Religion
- Affiliation: Buddhism
- Rite: Sōtō Zen, Sawaki Lineage
- Ecclesiastical or organizational status: Monastery
- Status: Active

Location
- Location: Country Road 9, Kingston, Arkansas, 72742
- Country: United States
- Interactive map of Gyobutsuji Zen Monastery
- Coordinates: 35°59′15″N 93°27′10″W﻿ / ﻿35.9875°N 93.4528°W

Architecture
- Founder: Shoryu Bradley
- Completed: 2011

Website
- gyobutsuji.org

= Gyobutsuji Zen Monastery =

Sōtō Zen Buddhist monastery near Kingston, Arkansas

Gyobutsuji Zen Monastery (行仏寺, gyōbutsu-ji) is a small Sōtō Zen Buddhist monastery near Kingston in Madison County, Arkansas in the United States. It is located in the Boston Mountains of the Ozarks. The temple focuses primarily on the practice of zazen in the tradition of Kosho Uchiyama and Shohaku Okumura, the latter being the teacher of the founder, Shōryū Bradley. Study of the writings of Eihei Dōgen and the teachings of Shakyamuni Buddha are also emphasized. The monastery holds a five-day sesshin every month except in February and August. Sesshins are Uchiyama-style consisting of 14 periods of zazen (50 minutes) and kinhin (10 minutes) without liturgy, dokusan or ōryōki.

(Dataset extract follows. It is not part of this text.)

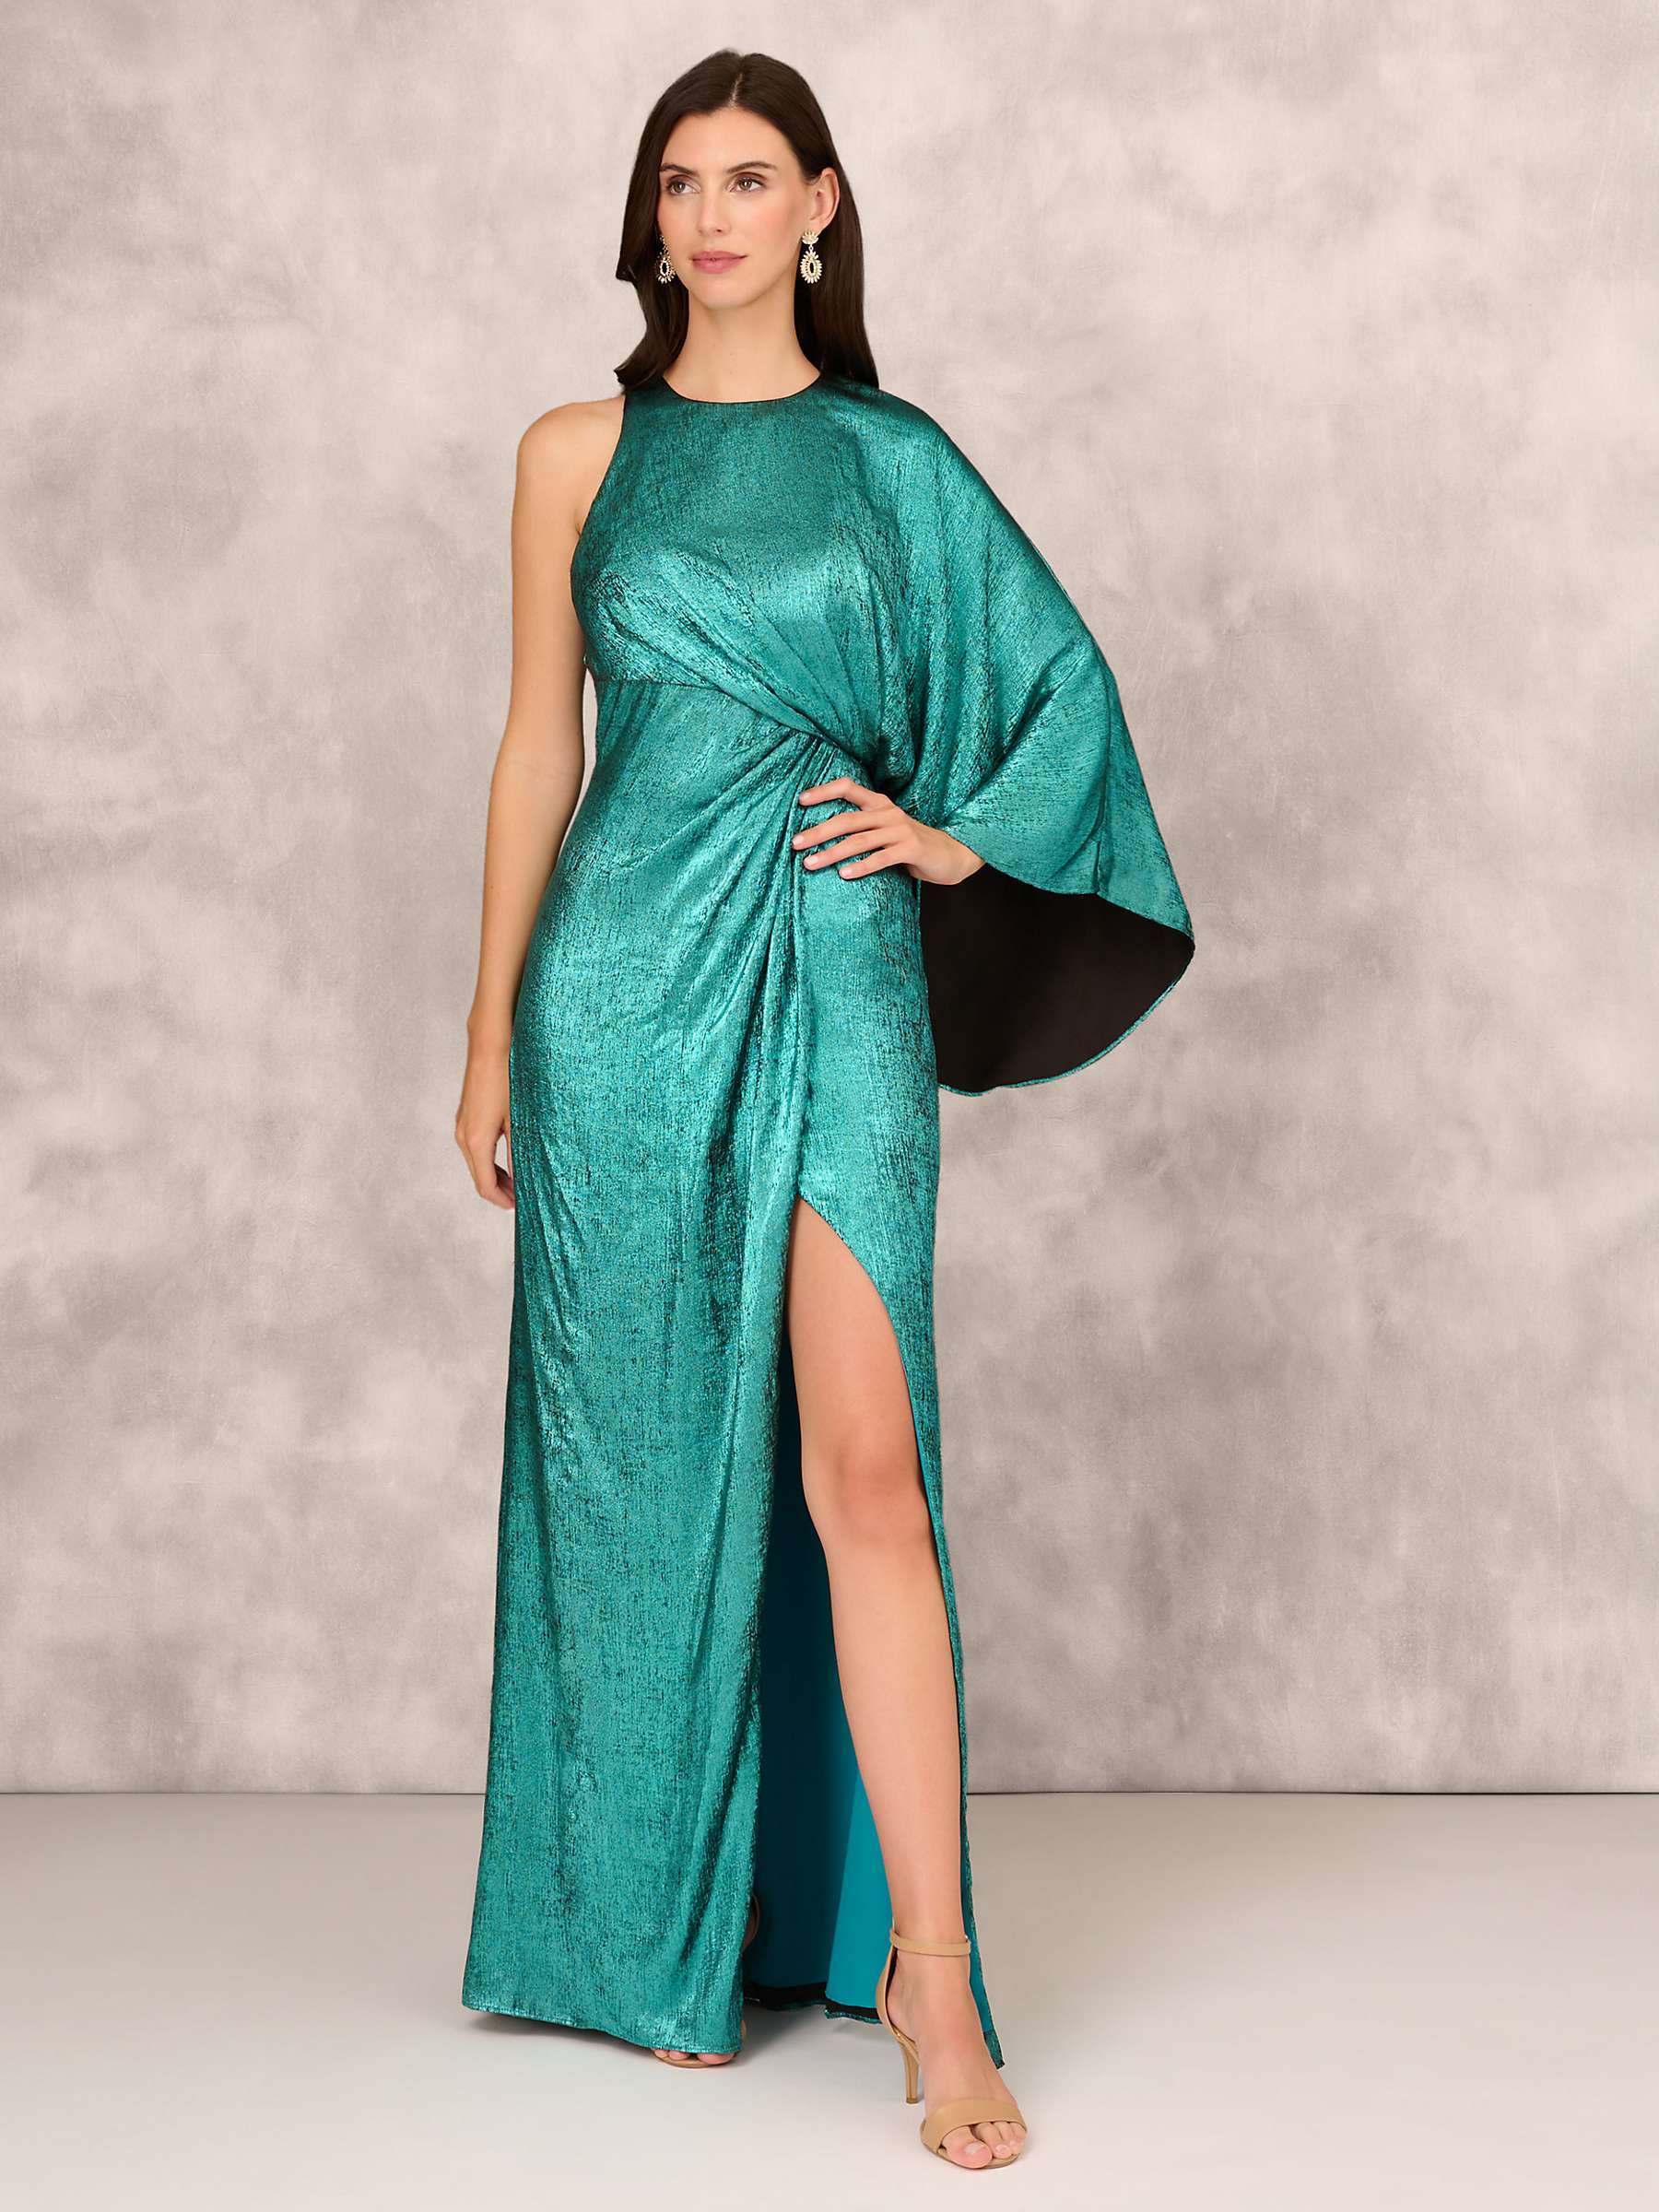 Buy Adian Mattox by Adrianna Papell Foil Chiffon Gown, Jade Online at johnlewis.com

The name Gyōbutsu-ji literally means 'Practice Buddha Temple' and is derived from Eihei Dōgen's magnum opus the Shōbōgenzō, specifically the chapter titled Gyōbutsu igi (行仏威儀). While the standard Classical Chinese interpretation of this title is "practice Buddha's dignified actions", Dōgen re-interpreted it as "dignified actions of the Practice Buddha" in line with his assertion that practice and enlightenment are the same. The chapter explains:

All buddhas without exception fully practice dignified conduct: this [practice] is Practice Buddha. ... Sharing one corner of the Buddha's dignified conduct is done together with the entire universe, the great earth, and with the entire coming-and-going of life-and-death. ... This is nothing other than the dignified conduct of the oneness of Practice and Buddha.